What should we do if it happens to a person who loses all the entire information from his memory like our computers and cannot replace it like we do with the new computers? There is no backup of human brains and the memories in them; each one is unique.

How alarmed and helpless will we be! When the memory is gone, a man becomes a computer shell without any function. Our memories are our identities, our trademarks – without own memory each of us is nobody, like a dead man walking.

When my father was an octogenarian, we began to notice the symptoms of serious dementia. What a shocking reality it was for us to note that his memory loss was gradual. We witnessed his mental alertness slipping away like the bright sunlight vanishing in the evening. At the beginning, he became withdrawn, and then he lost his speech and his look  became vague, as if we all were strangers to him. He did not ask for anything, nor responded to questions. He had a hard time following instructions. Slowly a loving, caring, active and responsive man became mute and unresponsive.

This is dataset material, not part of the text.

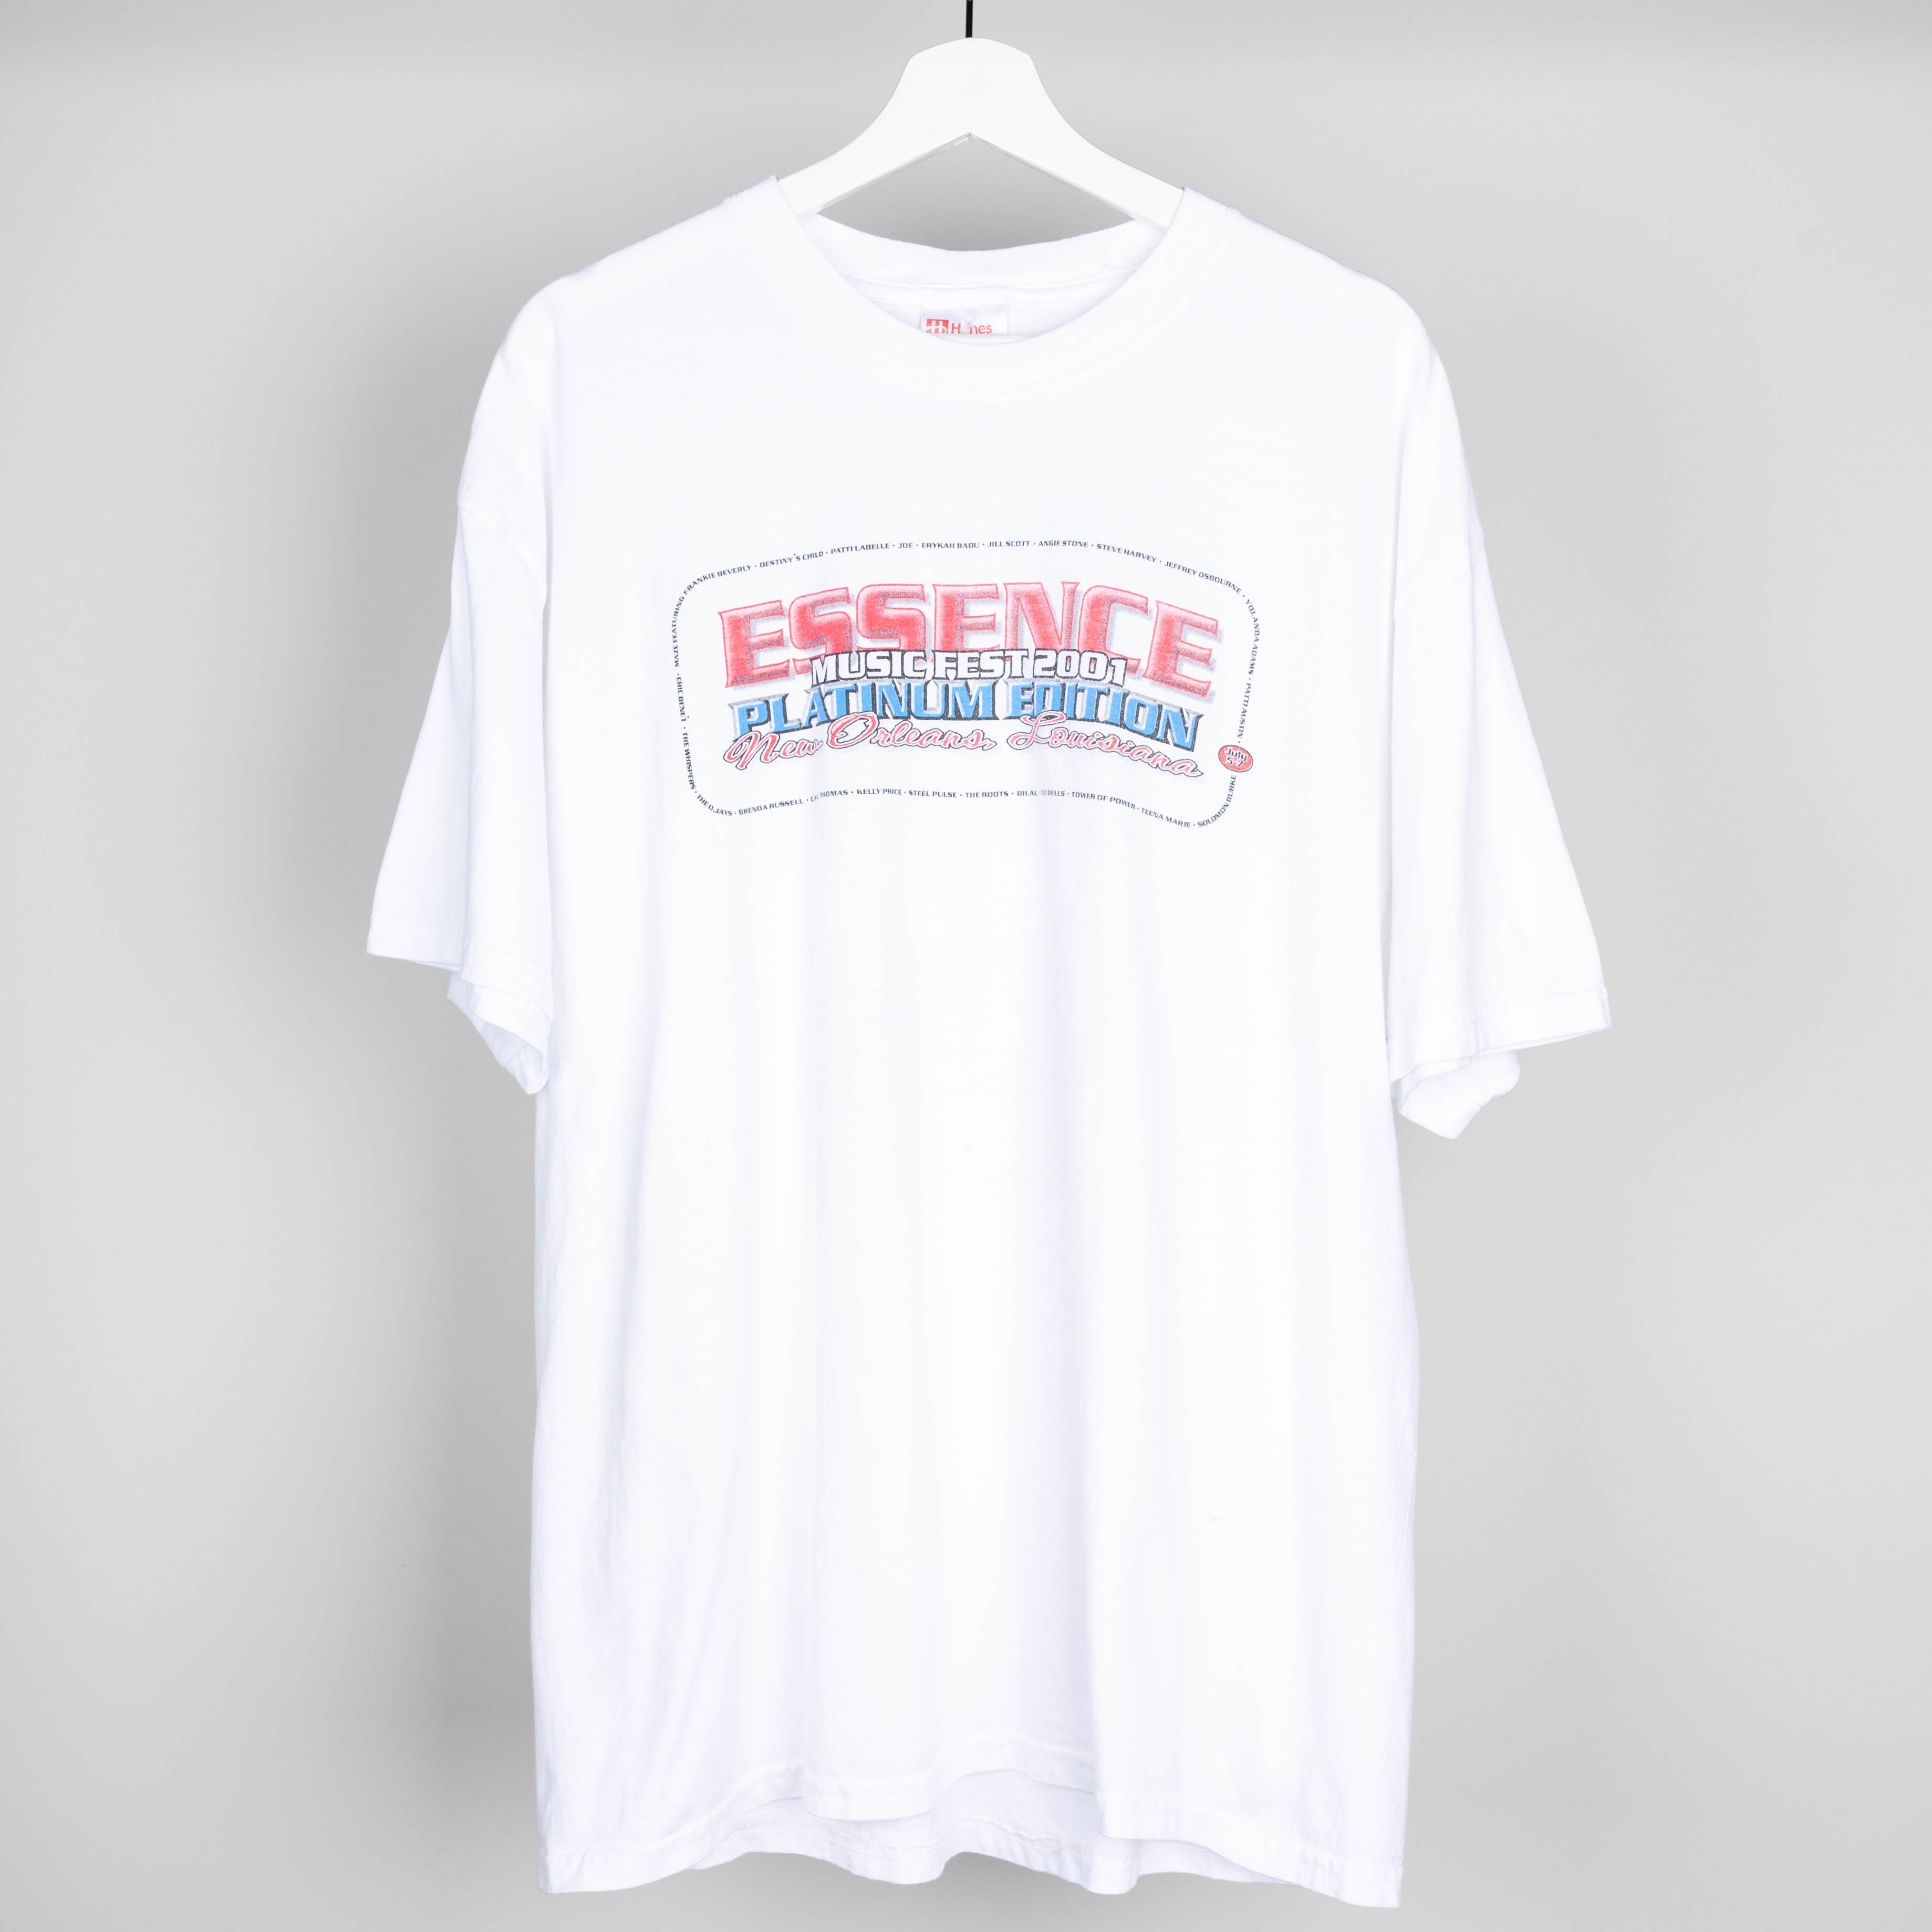 2001 Essence Music Festival T-Shirt Size XL

None of us knew what to do and how to react. When a person does not recognize even the spouse and children, does not know his whereabouts, which room he sleeps in, where the toilet is, does not know whether he is dressed or bare-bodied, or even if he is hungry or fed. Alzheimer’s disease and dementia both can turn a human being into a robot, moving without any emotion or intelligence, the person remains alive but is lost among us.

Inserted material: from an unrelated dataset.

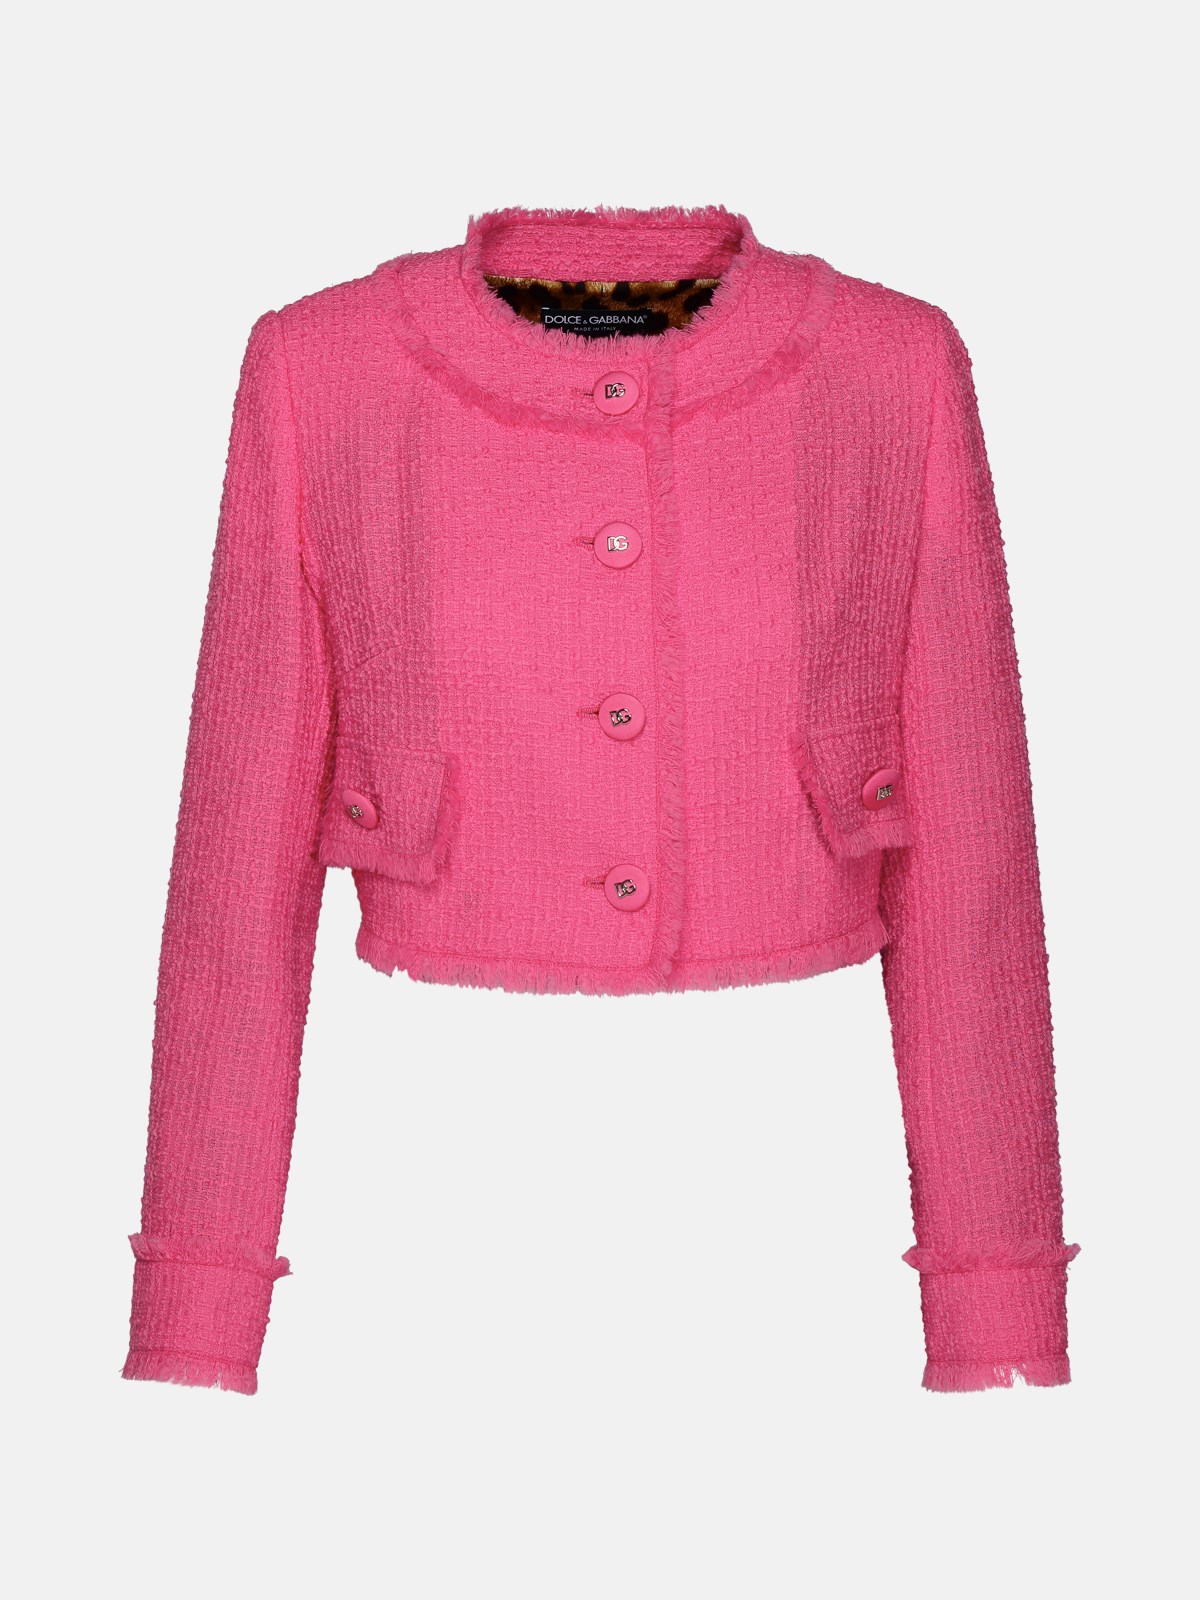 Dolce & Gabbana Pink Wool Jacket

My brother was a professor of medicine. He knew Alzheimer disease (AD) and its symptoms and outcomes. There was no treatment to cure or stop the progression of AD -- just a few drugs that could temporarily slow the worsening of symptoms.

Unlike my family members in India who went through many frustrations on a daily basis, I was not an everyday caregiver for my father. Still I was deeply affected emotionally  every time I thought "my father will not recognize me anymore".

My father did not survive long after the detection of AD.

Another father I heard about almost lost his life because of AD. He was the father of Raymond Alamo. Ray was a manager in a pharmaceutical company I worked for. Ray’s father was living in an assisted living home for old people.

One day he was not found in the building. He had gone out unnoticed when the outside gate was opened accidentally. He did not know where he was going and how to come back; he roamed the streets aimlessly like a vagabond.

Ray had to cancel a planned trip with the news and rushed back. He called all his family members and father’s friends, hoping he might have showed up in one of their places. But how could he? He had forgotten everything by that time, including the streets he had walked all of his life.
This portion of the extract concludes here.